Abstract
Acute leukemia is the most common malignancy of childhood and despite a good outcome for the majority of patients, a proportion of patients has high-risk features, and a very poor prognosis for ultimate cure. As such, novel approaches to therapy and new agents are clearly needed to improve the efficacy and quality of treatment available. We are investigating the utility of several histone deacetylase inhibitors (HDACIs) in the treatment of pediatric acute leukemias. Two HDACIs, suberoylanilide hydroxamic acid (SAHA, Vorinostat™) and MS-275, exhibited broad spectrum anti-tumor activity against a panel of 12 pediatric ALL and 8 AML cell lines representing different cell lineages and stages of development, with clinically achievable IC50 values of approximately 200–900nM. Both agents induced apoptosis in a dose-dependent manner. However, SAHA and MS-275 had differential effects on cell cycle progression and differentiation. Treatment with MS-275 resulted in sustained accumulation of cells in G1 phase and cell line-specific changes in the expression of multiple hematopoietic differentiation markers, including HLA-DR, CD11b, CD13, CD33, and CD61. Differentiation of both AML and ALL cell lines was induced. In contrast, treatment with SAHA either had no effect on cell cycle distribution or caused a transient arrest in G1 phase, which was reversible within 24–48 hours. In addition, only minimal changes in the expression of defined hematopoietic differentiation markers were observed following treatment with SAHA. These data suggest that the anti-leukemia effects mediated by SAHA and MS-275 occur by different biochemical and cellular mechanisms.
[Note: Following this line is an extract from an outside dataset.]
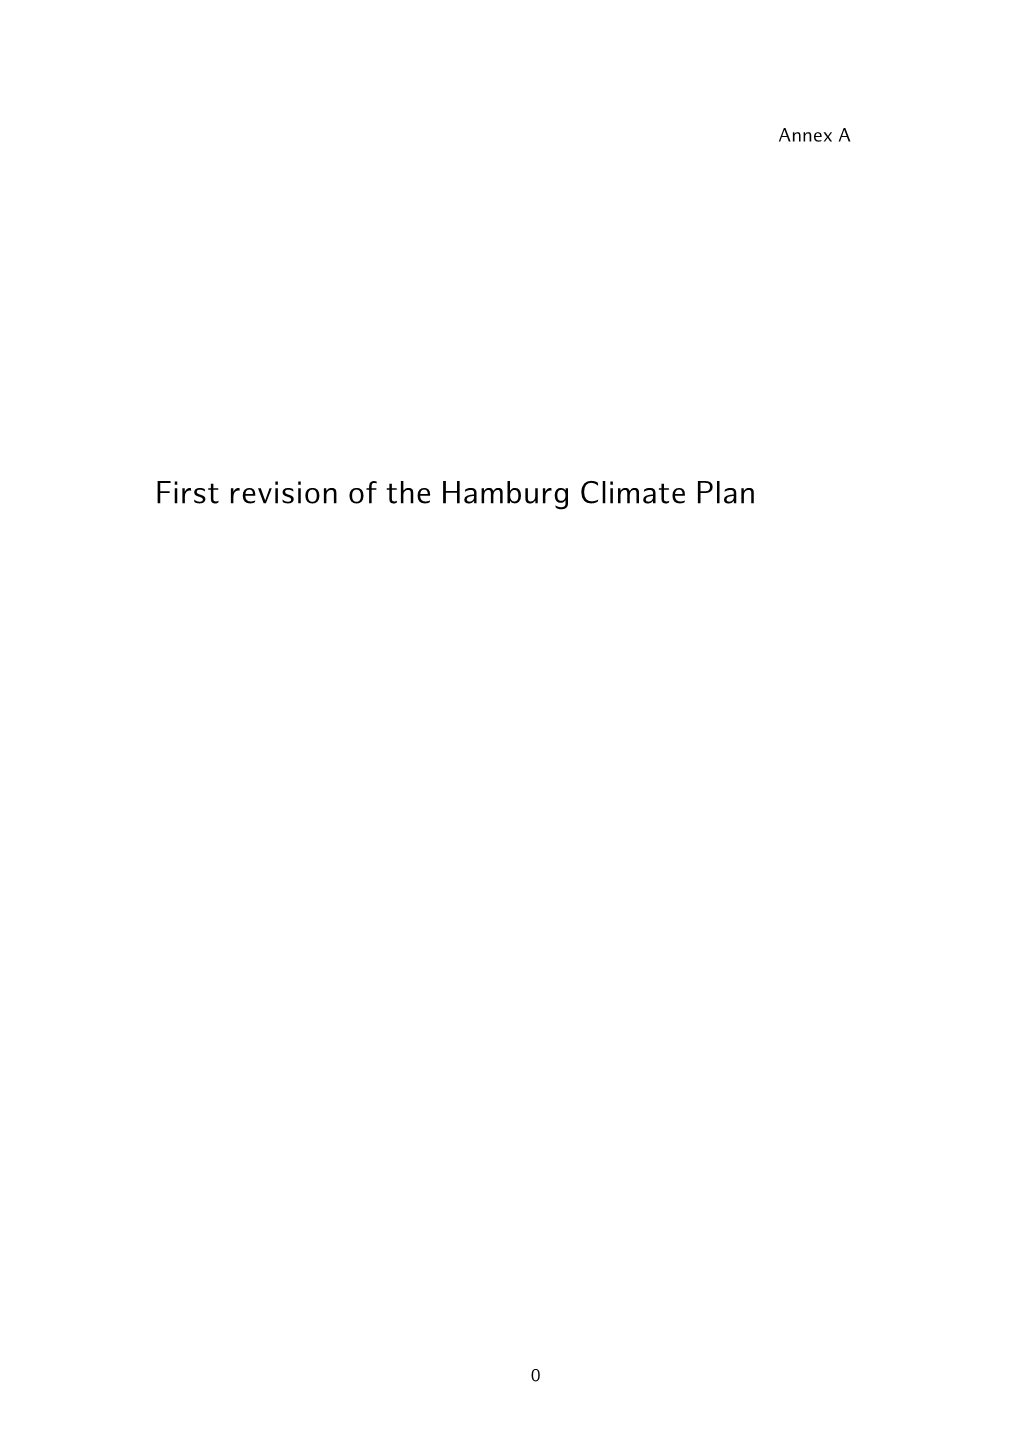 First Revision of the Hamburg Climate Plan

Consistent with this hypothesis, SAHA and MS-275 exhibited synergistic anti-leukemic activity in vitro in a sequence dependent-manner, with a mean combination index of 0.666 +/− 0.048 based on median effect analysis. Sequence-dependent synergy was noted in a variety of T-cell and pre-B cell lines, including cell lines possessing MLL translocations. Both SAHA and MS-275 exhibited synergistic interactions with drugs representing the topoisomerase II, DNA methyltransferase, and proteosome inhibitor classes based on median effect analysis and/or the universal response surface approach. Detailed data demonstrating the mechanism(s) of HDACI-mediated anti-leukemic synergy and sequence-dependence with these other agents will be presented.
Disclosures: Subsequent research grant support received from Merck Pharmaceuticals after these data were obtained. No support from Merck was provided for the studies reported here.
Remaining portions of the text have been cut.